Nel 2020, secondo l’indagine condotta dal Centro studi Confindustria, il credito bancario alle imprese italiane ha registrato un balzo (+7,4% annuo a ottobre), spinto dai prestiti emergenziali con garanzie pubbliche, arrivati oggi a circa 146 miliardi di euro e, conseguentemente, del debito. Questo strumento è servito per arginare la crisi di liquidità subita dalle imprese, causata dal crollo dei fatturati dovuto al confinamento e alle altre misure restrittive imposte dalla pandemia.
Tuttavia, in molti settori sia dell’industria che dei servizi ciò ha accresciuto troppo il peso del debito, misurato in anni di liquidità generata dalle imprese. Nei servizi, in media, da 1,9 a 11,2 anni. Cash flow che si è bruscamente assottigliato nel 2020 e in alcuni casi è divenuto negativo (da 81 a -4 miliardi di euro nel totale del manifatturiero). Il semplice servizio del debito, nella situazione attuale, prosciuga le risorse interne disponibili.
Senza interventi di politiche mirate a rafforzare la situazione finanziaria delle imprese (in primis, un allungamento della durata del debito) e senza un solido recupero di fatturato e cash flow dal 2021, in quasi tutti i settori di industria e servizi l’eccesso di indebitamento mette a rischio il flusso di nuovi investimenti produttivi in Italia.

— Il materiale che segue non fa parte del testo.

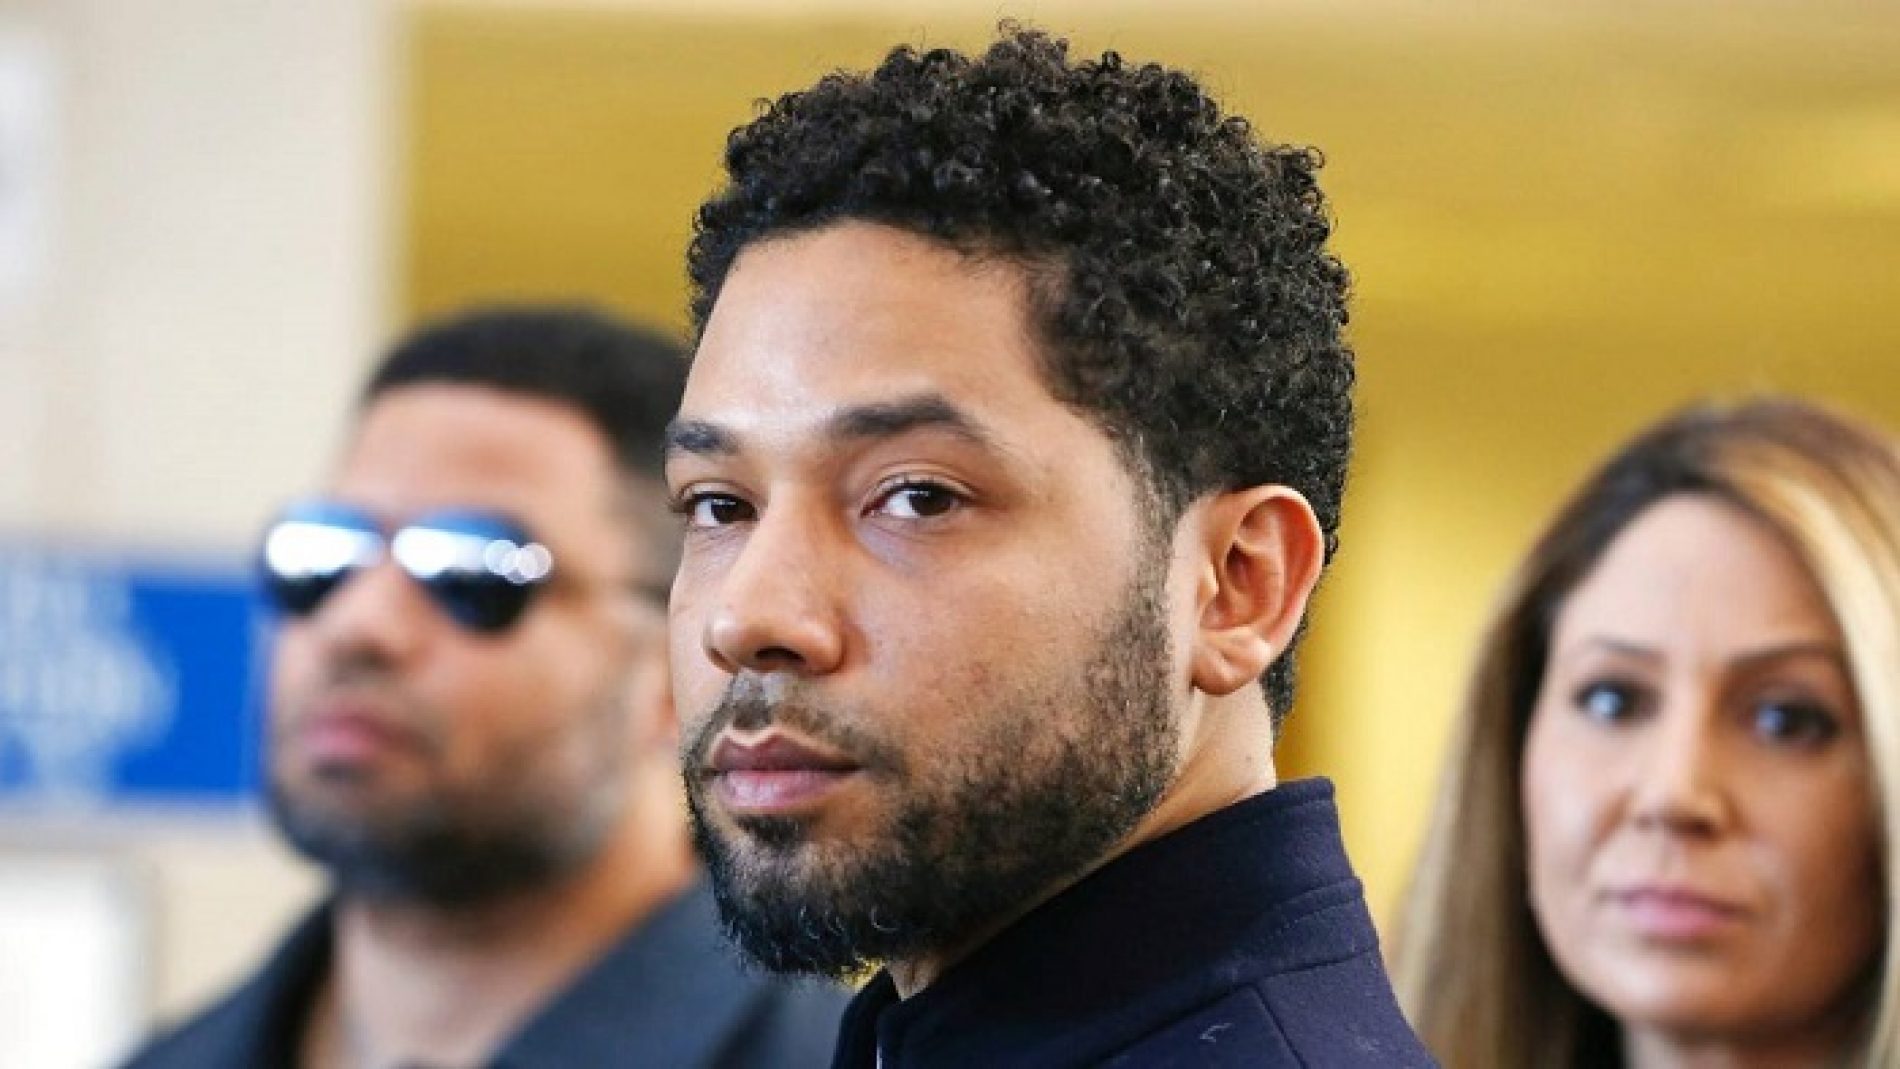 News of the charges against Jussie Smollett getting dropped draws a reaction of both outrage and relief

Entrando nel dettaglio dell’indagine del Centro studi Confindustria, nel 2020 il manifatturiero italiano ha subito un profondo calo di fatturato (stimato a -144 miliardi di euro, pari al -14,5%), a causa della pandemia e del conseguente confinamento. Tale calo delle vendite si riflette in una flessione, meno marcata, degli acquisti di beni e servizi e del costo del personale. Si stima perciò che il cash flow, definito come ricavi meno costi operativi correnti, nella manifattura sia caduto da 81 miliardi nel 2019 a -4 nel 2020.
Le stime del cash flow per settori (secondo la classificazione ATECO a 2 digit) dell’industria mostrano una situazione piuttosto diversificata nel 2020. Da un lato, alcuni settori non hanno sofferto un calo del flusso di risorse interne (alimentare, farmaceutico). All’altro estremo, molti settori si ritrovano ad avere un cash flow negativo, motivo della diffusa crisi di liquidità di quest’anno. Per alcuni di questi, che già nel 2019 avevano un flusso di risorse insufficiente, i valori negativi nel 2020 sono molto marcati (mezzi di trasporto, macchinari, metallurgia).
Nelle costruzioni il cash flow si dimezza, ma resta su valori positivi (da 24 a 12 miliardi). Anche nei servizi la riduzione del cash flow stimata è molto marcata: da 162 a 33 miliardi di euro. L’andamento nel 2020 è molto diversificato nei vari settori dei servizi. Sui 7 settori per i quali sono disponibili i dati disaggregati, 3 sono caduti in negativo quest’anno: il valore minimo si ha nelle attività di alloggio-ristorazione (-10,5 miliardi), legate al turismo, bloccato dalla pandemia; la caduta più profonda rispetto al 2019 è registrata nel commercio (da 48,3 a -9,4 miliardi).
Gli altri 4 settori dei servizi, invece, restano in positivo in termini di cash flow, sebbene con risorse interne molto assottigliate rispetto al 2019: nel trasporto-magazzinaggio si scende da 19,5 a 0,5 miliardi, nelle attività professionali-scientifiche da 31,8 a 22,3 miliardi.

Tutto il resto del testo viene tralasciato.